Building life cycle analysis is becoming more and more valuable where buildings are able to self-diagnose themselves and report their live performance. This is actual live data being reported on the building’s performance. Using this feedback loop to inform new design will generate better and more efficient design.
Software companies & architecture
In fairness, I cannot speak on behalf of the big software companies out there in terms of their business aspirations, but to date, their business model is very strong, so I don’t see the need to change it. They sell a package with annual renewal fees, they take no responsibilities for the output of what their software can develop and have nearly no material or hardware costs as most of the software’s are deployed digitally nowadays.
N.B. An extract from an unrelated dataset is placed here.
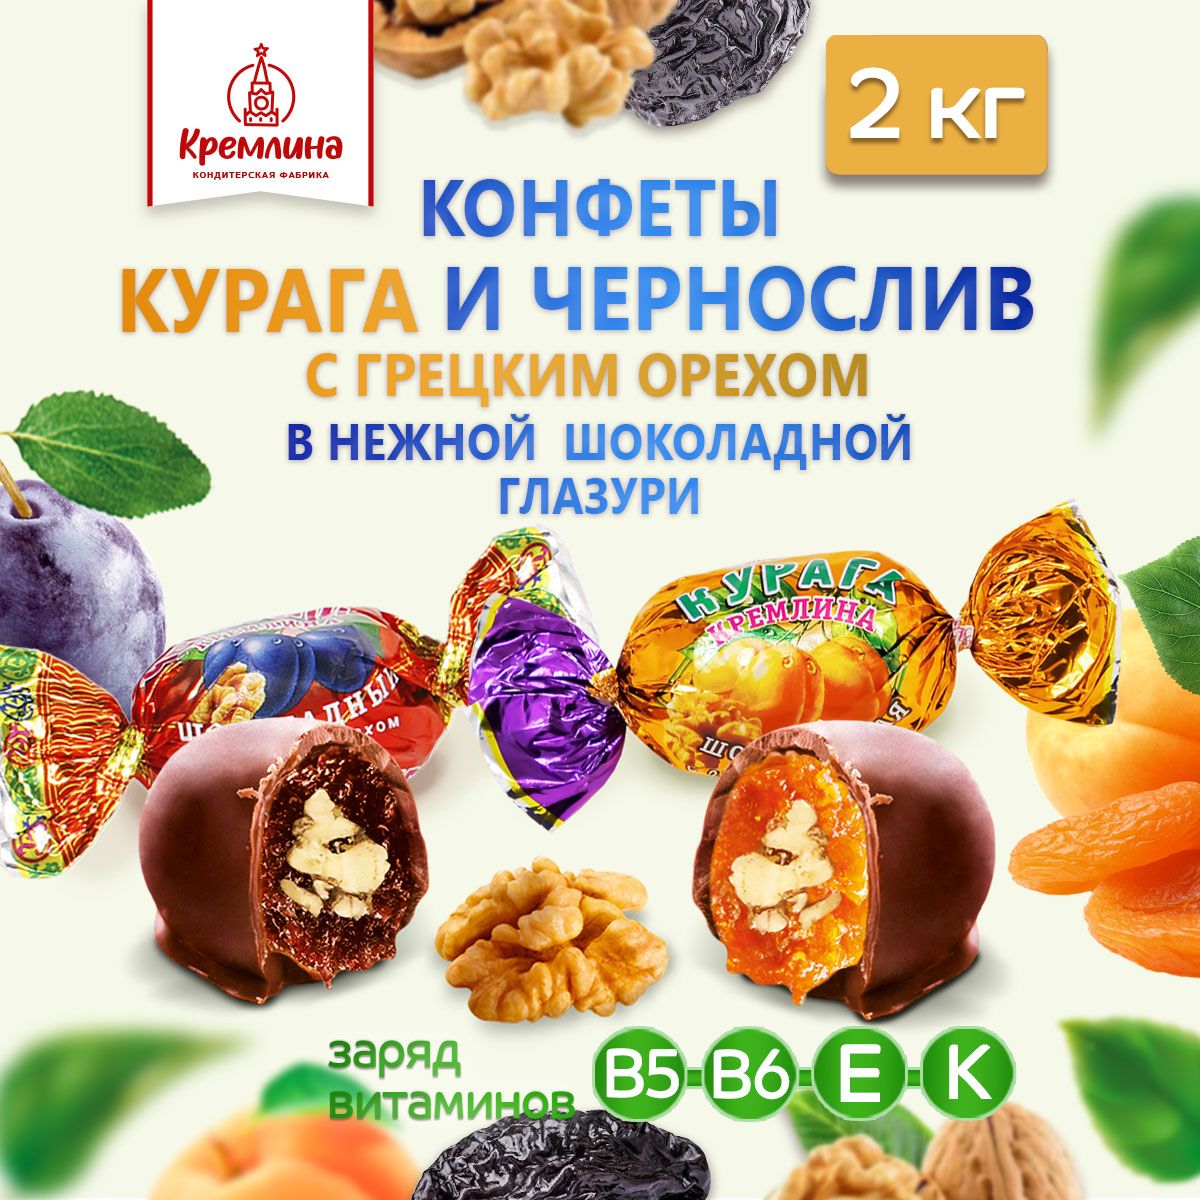 Конфеты Кремлина Чернослив с грецким орехом и Курага с грецким орехом, 2 кг

The major companies that could disrupt the system are probably the same ones that could disrupt any industry: Apple, Google, Amazon… And if they had an interest in expanding their product breadth to our industry I would be excited. But for the time being, they seem pretty focused on phones and watches, so maybe buildings are not on their immediate horizon.

AI in architecture in the future
I don’t see it as completely disrupting our industry, but rather how architects stand to benefit from learning about data, its applications, and how taking small steps now to incorporate artificial intelligence into practice could ensure a better business and a stronger profession. Rather than relying on a finite amount of experience, having access to historical as well as live data will allow the performance of an architectural design to be tested against actual data rather than simulated data.
AI is already being to help solve the more complex design issues. The starting point of AI could figuratively be at the limits of where natural intelligence ends. These could be very abstract designs that are perhaps too difficult to describe and resolve using conventional theories and strategies.
One of the more interesting areas of development relates to legislation; approving authorities are becoming more open-minded to demonstrating actual performance-based design rather than simulated performance-based design. Relying on actual data will not only evaluate the design, but obviously inform future design solutions, even to a regulatory level.